→ **WHAT YOU HAVE TO DO**
Give back all of the data exactly, with every picture omitted.

→ **THE DATA**
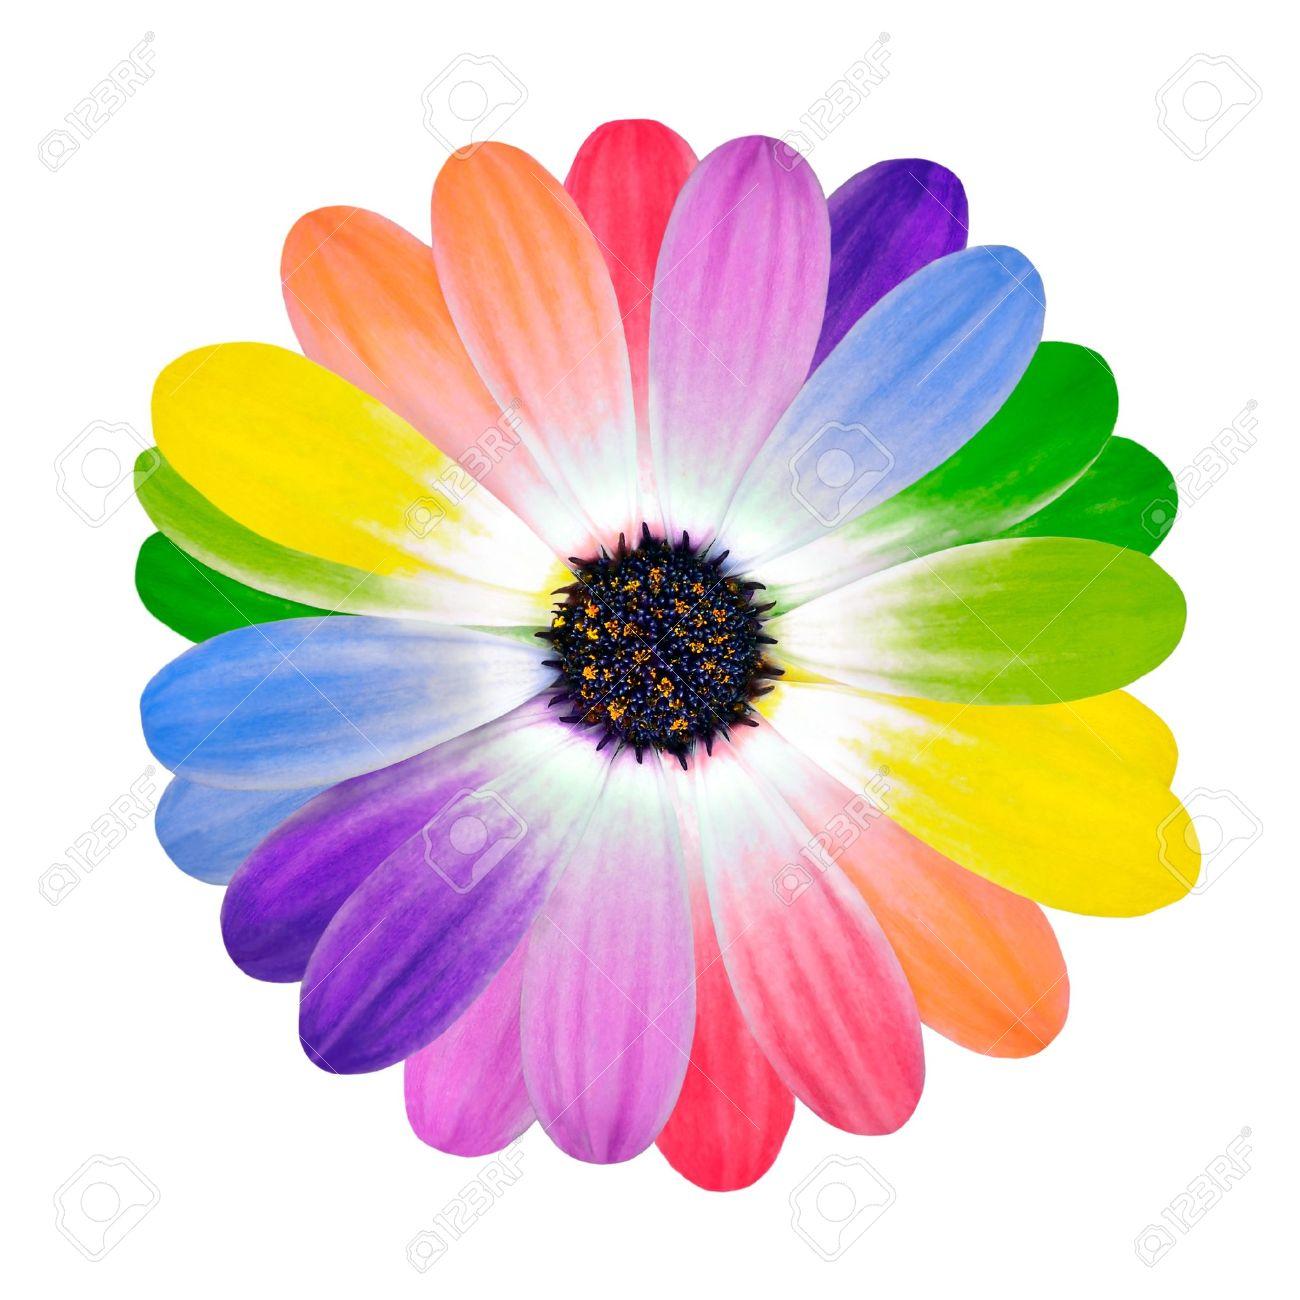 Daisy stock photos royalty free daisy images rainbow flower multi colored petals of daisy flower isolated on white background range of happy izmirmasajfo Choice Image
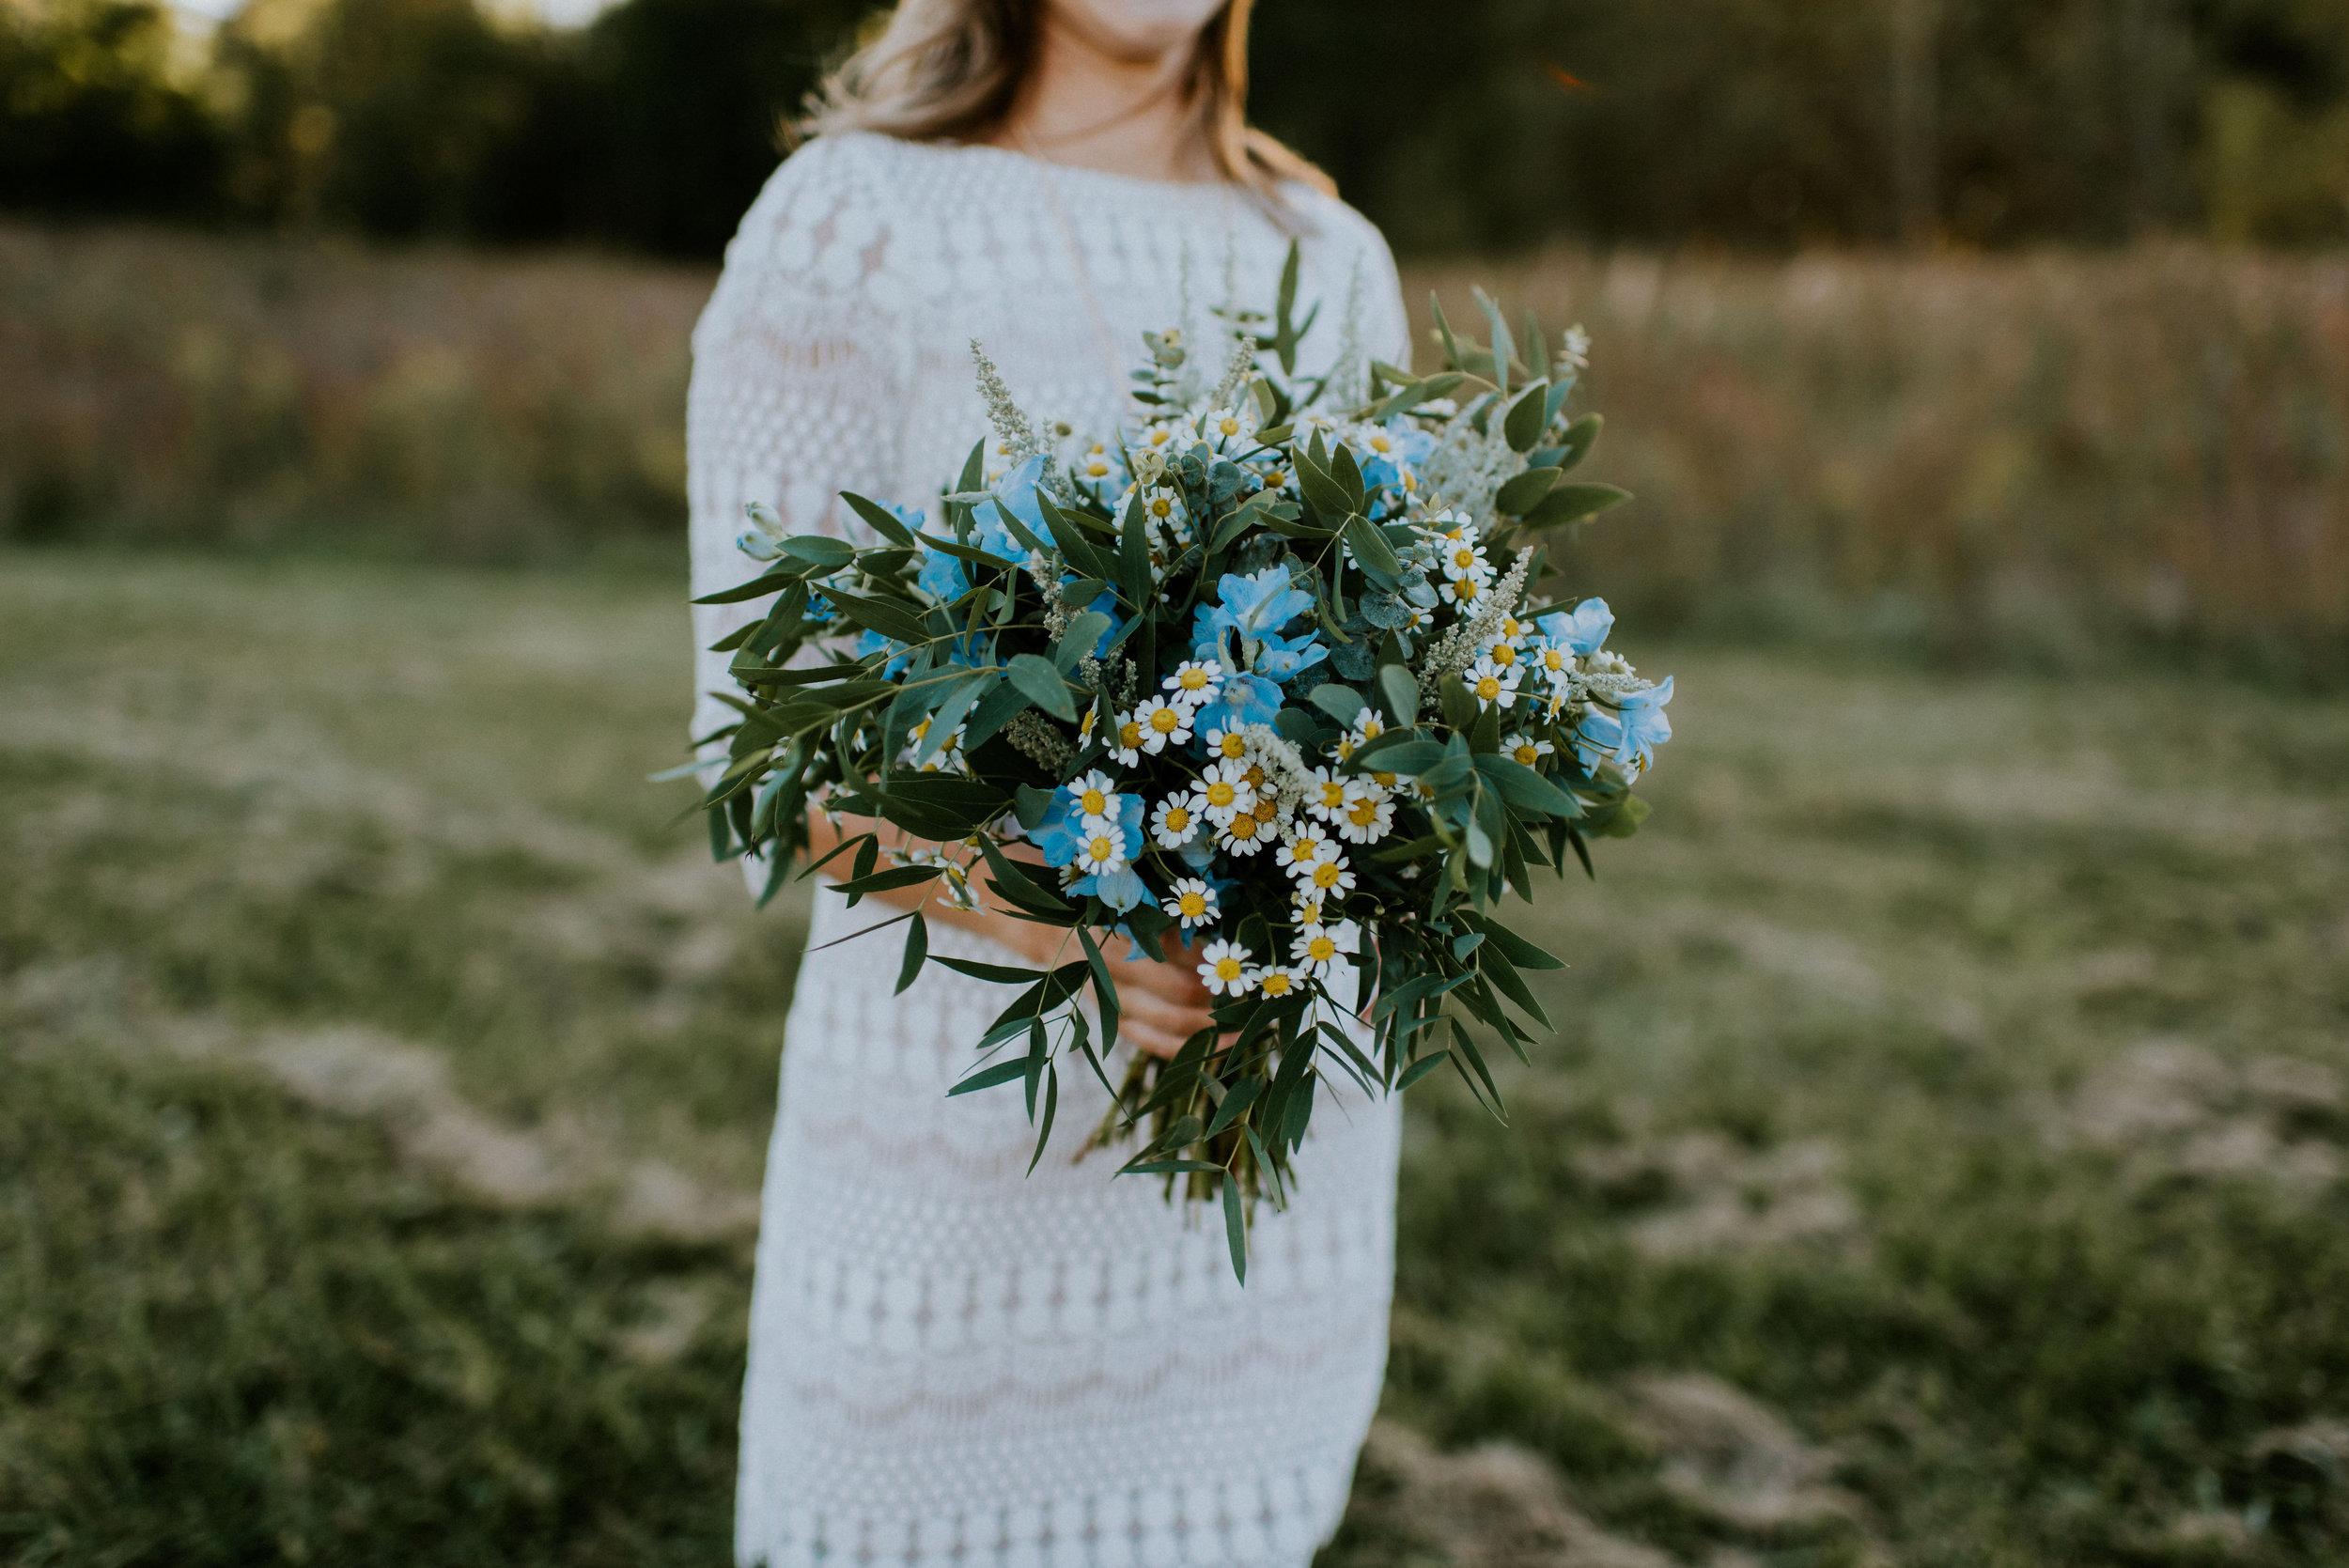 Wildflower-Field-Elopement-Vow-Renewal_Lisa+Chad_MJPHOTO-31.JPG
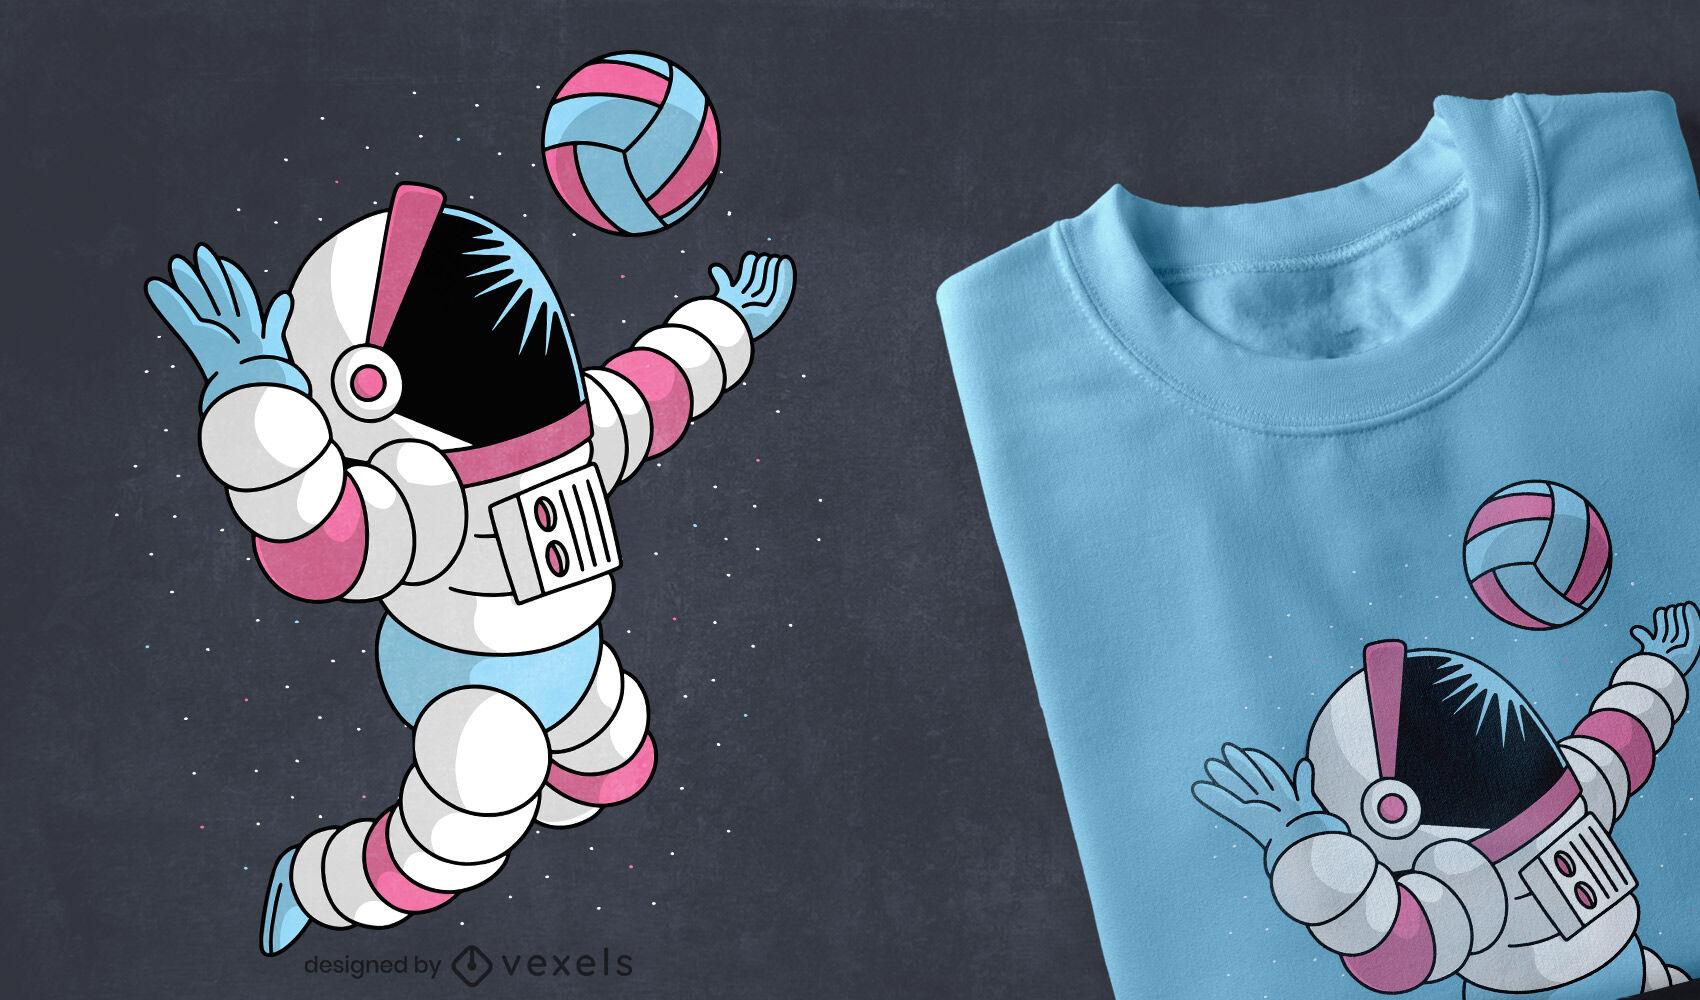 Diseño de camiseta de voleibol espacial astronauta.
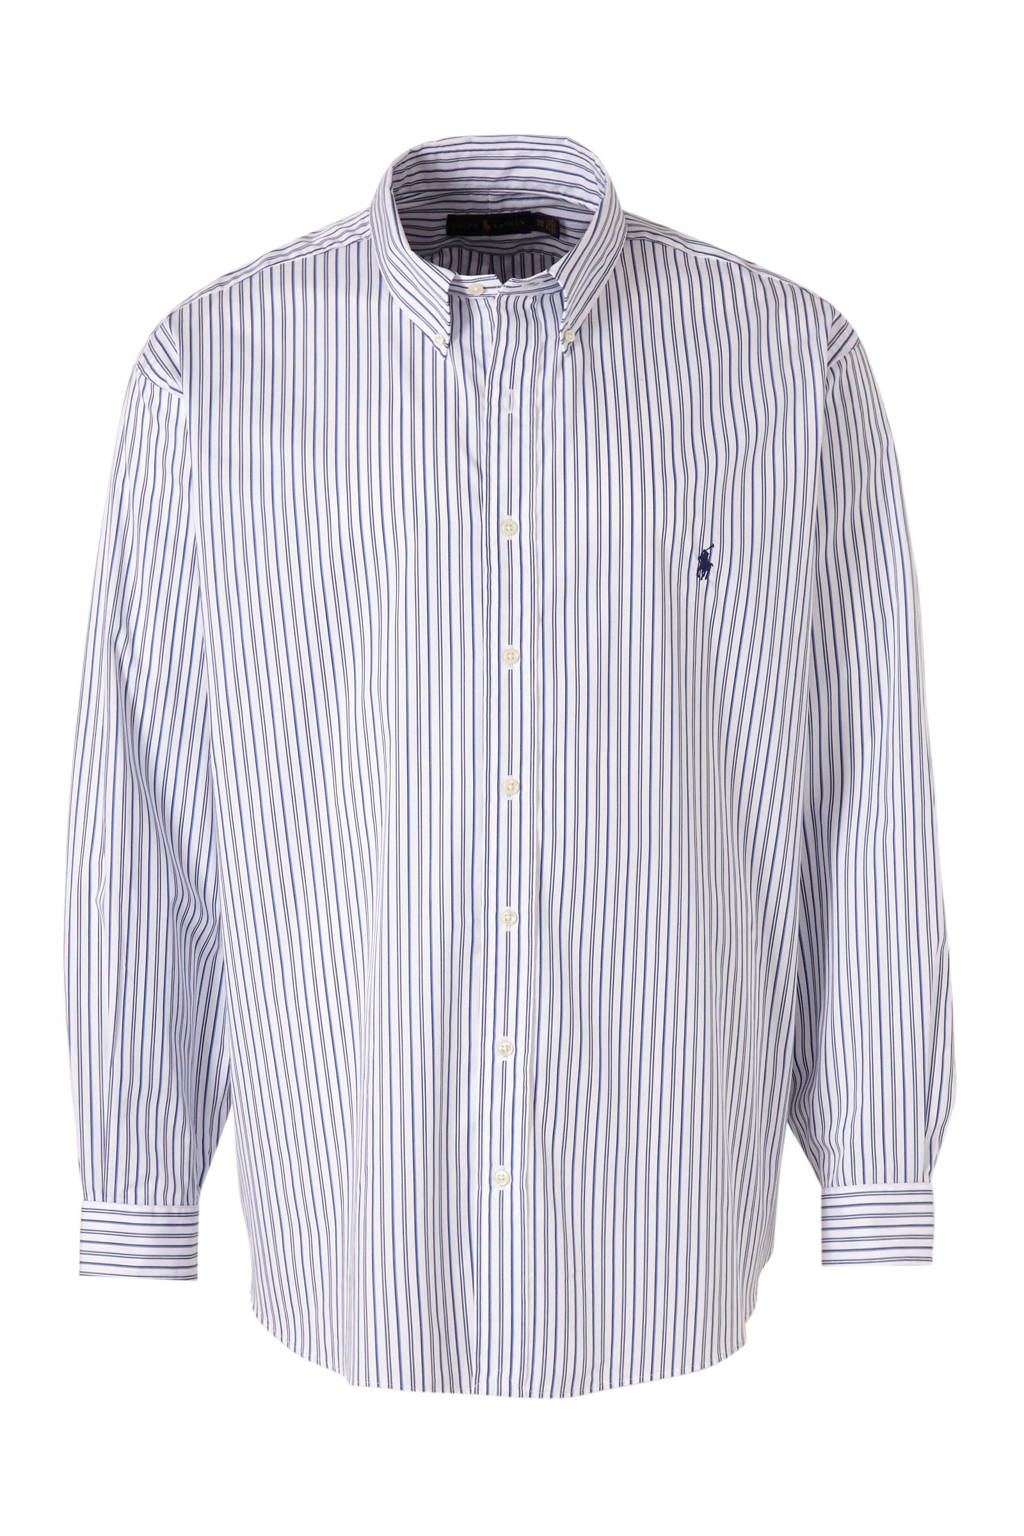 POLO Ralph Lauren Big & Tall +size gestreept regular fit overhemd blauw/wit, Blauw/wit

→ **RESULT**
 Daisy stock photos royalty free daisy images rainbow flower multi colored petals of daisy flower isolated on white background range of happy izmirmasajfo Choice Image
 Wildflower-Field-Elopement-Vow-Renewal_Lisa+Chad_MJPHOTO-31.JPG
 Diseño de camiseta de voleibol espacial astronauta.
 POLO Ralph Lauren Big & Tall +size gestreept regular fit overhemd blauw/wit, Blauw/wit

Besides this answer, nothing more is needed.